A New Dialogue Redux

The central concerns of the following text focuses on addressing the cultural meanings attributable to form, and initiate a discursive dialogue with respect to the inherency of meanings which potentially reside within forms themselves.

The former instantiation of this text was written for a conference DeSForM: Design & Semantics of Form and Movement in the Netherlands which purpose is to develop a platform of products that communicate information through a dynamic language of form and movement. The question posed by the organizers was how might we set forth to design this system of symbols in a systematic and scientific manner. The meaning of form is a human production, as it is both malleable and undefined. As a cultural construct, it has the potential to consecrate meaning as well as confound it. New definitions of form semantics can be revealed through the examination of the intersection of human behavior and emerging technological discourse in the present social climes, a language of form and movement cannot be designed, but a platform in which this language can emerge through negotiation can be.

Form Has No Meaning
The capability and meaning of any form can be defined by the limits of people’s ability to imagine what it can be physically or represent spiritually or intangibly. In essence, form has no meaning; it is an invitation, a window to possible relationships which produce a myriad of meanings. Meaning resides, and is latent within us, in the relationships we perceive and cultivate in our minds and through what we negotiate with others.

What can we learn from these characteristics of forms and how can we, as designers, challenge the need for designing explicit meanings?

How can we create a new dialogue between objects and people to harness the emergent properties of meaning within the human experience?

Time Matters. Location matters. Context matters.
Form triggers multiple meanings. A gun locked safely at a hunting lodge has entirely different denotative and connotative associations than the same gun in the hands of a man in a dark alley. The sign itself, the gun and its function, within the context of alternative environments, is pollinated with probable outcomes that are associated with location and situation. Context influences interpretation of the purpose of that form, shaping the message it conveys. It is through the process of negotiating meaning between social actors, place and location, that form evokes multiple meanings, and likewise meanings can inspire multiple forms. Physical properties in differing contexts can trigger landscapes of ulterior meanings around and between people determined by their personally and culturally informed associations. Context again alters the meanings that forms and motions may trigger, influencing their social role at a given time. The introduction of new information and the mutation of old information alters associated meanings because of what is accumulated, paired and lost during the reallocations and migrations of forms in multiple contexts.

How can we enable forms to embrace this continual process of the production of meaning? Is it our objects that adapt, or do we?

Can a form change its mode of expression to fit those who are present?

How can a single meaning be maintained through multiple modes of expression in multiple contexts?

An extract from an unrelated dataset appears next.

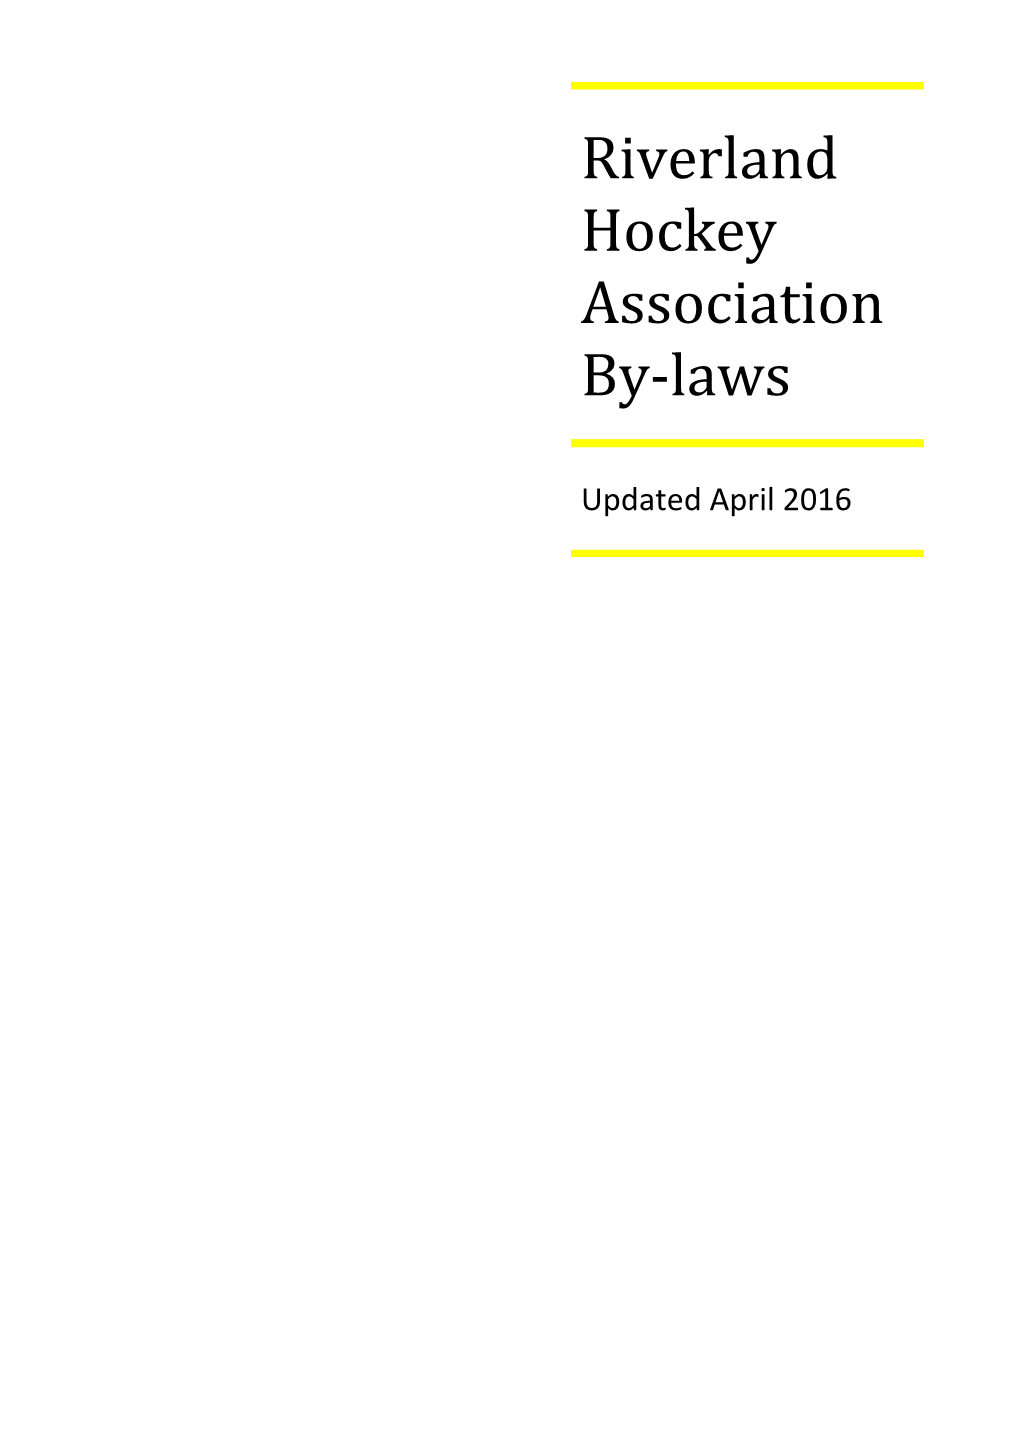 Riverland Hockey Association By-Laws

How can these unfolding dialects, migrations and morphologies of the compositionality of meaning over time be documented?

Will context be the dominant hypermedia form? Will it be the request, the curator, the aggregator and synthesizer in relation to ones identity and state, emotional, situational and physical context?

Meaning and Functionality

Functionality affords meaning through the use of an object. Meaning is cultivated through experience, not by what the thing is supposed to be. Through the process of doing, understanding and participating with a given form, a sense of meaning is developed. Emerging forms that possess processing and communicative capabilities add a new layer to form. It makes the form variable and responsive. Forms were formerly limited by their physical capabilities, and to the imagination of those who encounter them. However, once they are enabled, and networked, they will have a new breadth of roles, social relationships and possible meanings that are physically bound to place, yet extend and include that which is beyond place borders.

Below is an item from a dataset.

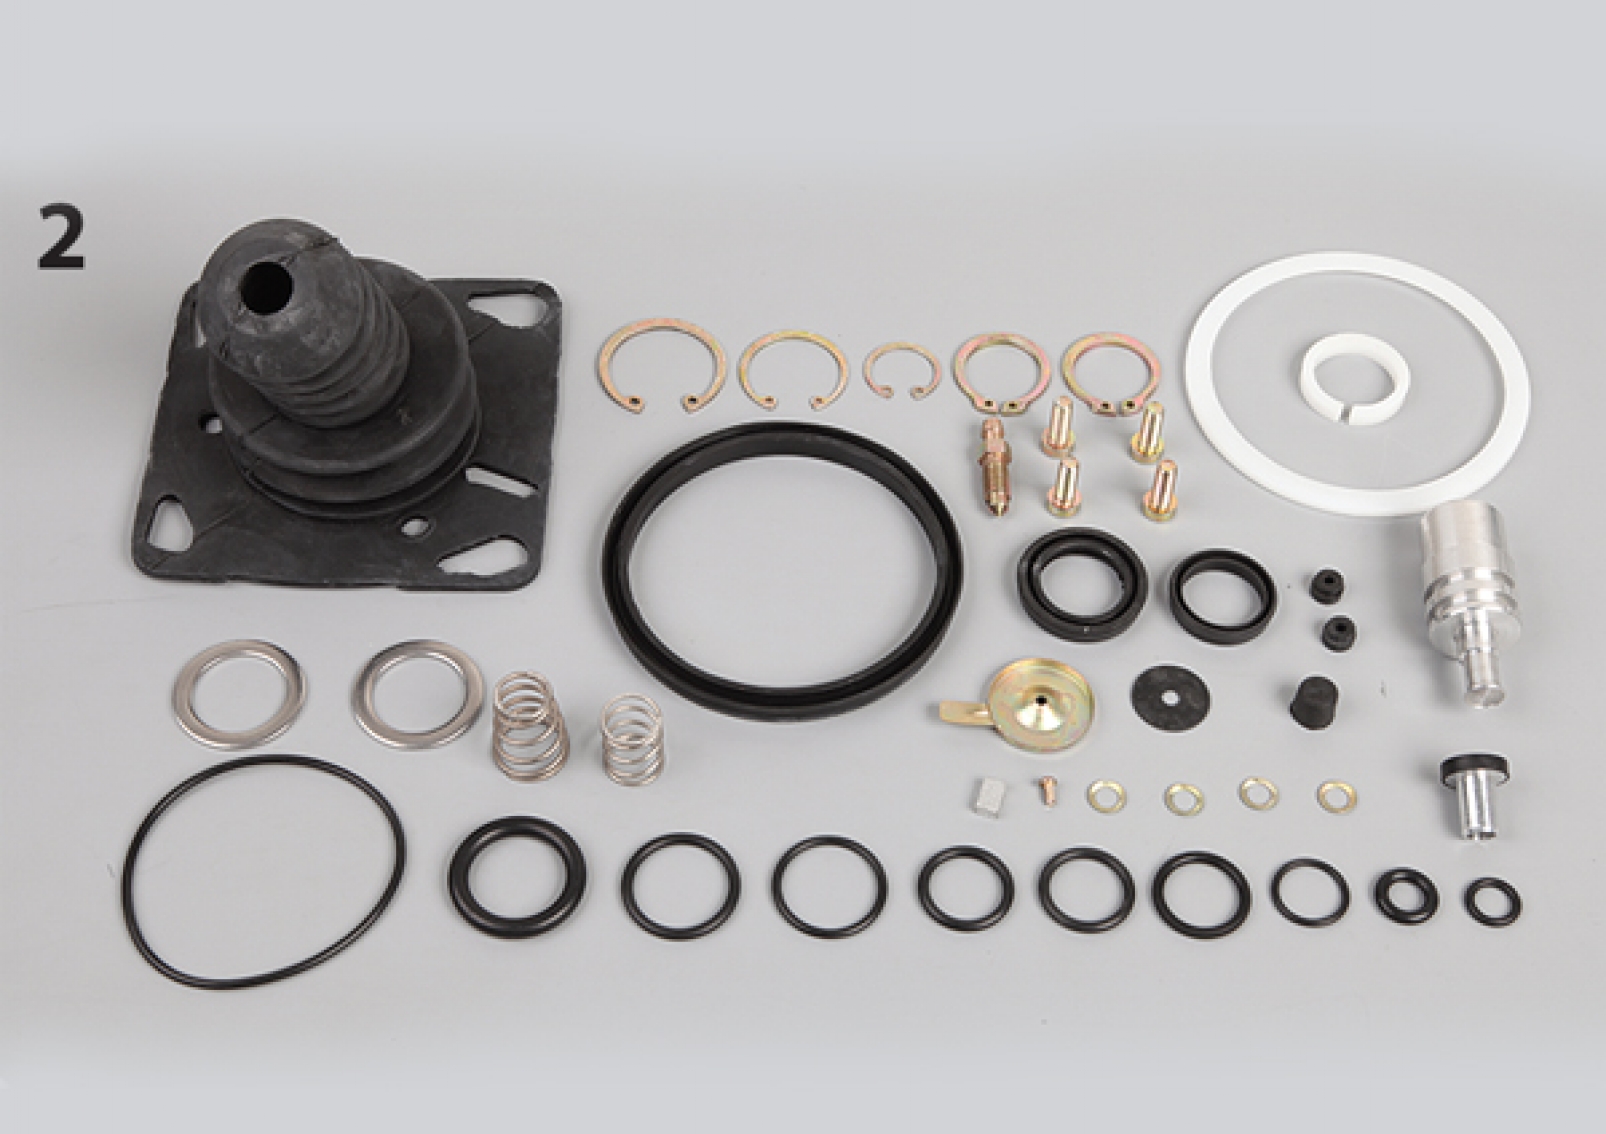 Clutch Servo Repair Kit for Mercedes Benz, Man, Daf,  970 051 910 2

How can these new roles and relationships be felt, visualized and animated through form and motion?

Things enable behaviors, and behaviors find themselves eventually as forms. All of the forms of our built environment are signifiers of behaviors that bind beneficial material and immaterial relationships.

There are levels of meaning that satisfy multiple levels of self, such as our immediate physical, mental and spiritual needs. These levels of meaning can be realized and attained through interfacing with a solitary form. This can be observed in the specialized context of jail, as prisoners draw on a restrictive palette of materials and forms, shaping a wide selection of objects that perform various functions and hold widely different values [Angelo] Through the reshaping of one form, prisoners can satisfy different levels of human needs. The toothbrush can be multiple things at once. At a given time it can be a shiv , a tool for cleaning teeth, or a carved piece of art.

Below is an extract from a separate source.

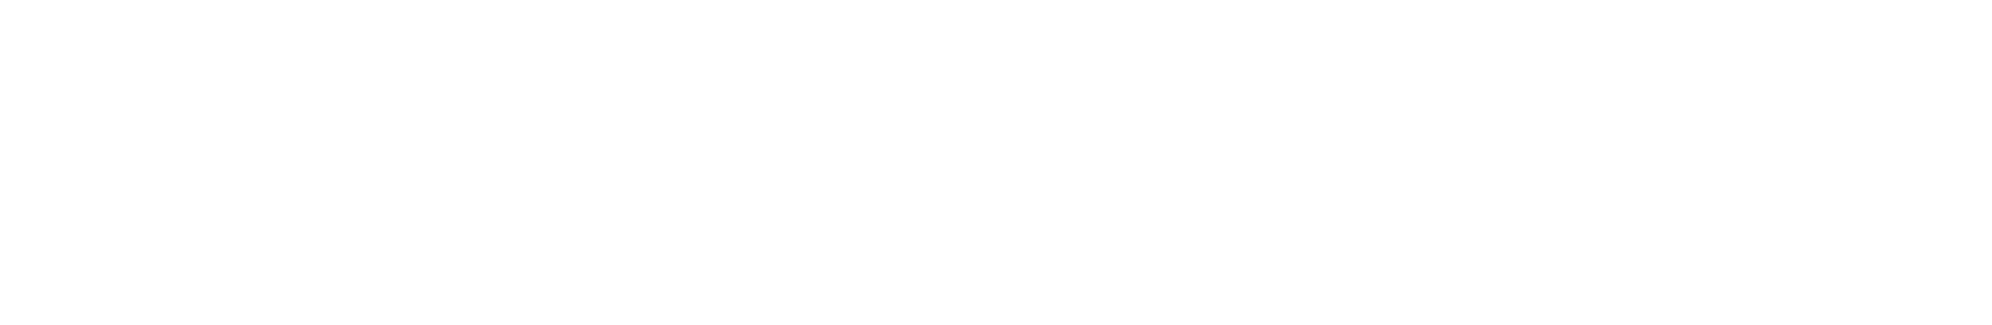 Slate 901 logo, white

It is our motivations that curate the relationships we engage in to trigger revelations of what things can be, and what meanings those relationships bring. We perceive context and conditions that we are participants within, and we forge our own meanings; in turn we can contribute this meaning in a shared dialogue to negotiate normative ones.

What can we learn from this perceptive ability of people and the potentiality of form?

How can objects be sensitive to our goals? Can they be literate to our actions? How can we better equip them to help us achieve?

Will a language of form and movement inevitably produce a Universal Homogenous dialect, or alternatively will a heterogeneous explosion of dialects evolve?

Can contextual mapping and meaning mapping over time be achieved to form a living document capturing a language unfolding in real time?

Form Collapses Possibility
Forms alone do not collapse possibility, but the essentialist framing of forms that associate a sole meaning to a form neuter ones perception to imagine what the form can do or be. Forms will be a platform of dialogue: they will be simultaneously the substrate of a question or goal, the expression of a possible answer, and a passport to exploration of possibility.

Kevin Kelly of Wired has been developing a blog “Street Use”[Kelly] about how objects are repurposed to fit specific needs of people. The blog exhibits fryer baskets that are made into antennae, and regular pick-up trucks that are re-appropriated as highly reinforced armed assault vehicles in Iraq. These interventions are a testament to not only possibility inherent in forms, but also to the multiple potentials people see in them as a way to facilitate their goals. The idea of forms having multiple meanings can be substantiated by the fact that meaning is emergent. This is why we cannot design semantics in a systematic and scientific way, for they are individually variable, as well as culturally and socially formed. The failure of Esperanto and the success of Creole and Pidgin languages [Diamond] illustrate this vividly.

Have we considered how this inherent human characteristic of emergence can be harnessed, socially and individually through forms that are literate of human intent?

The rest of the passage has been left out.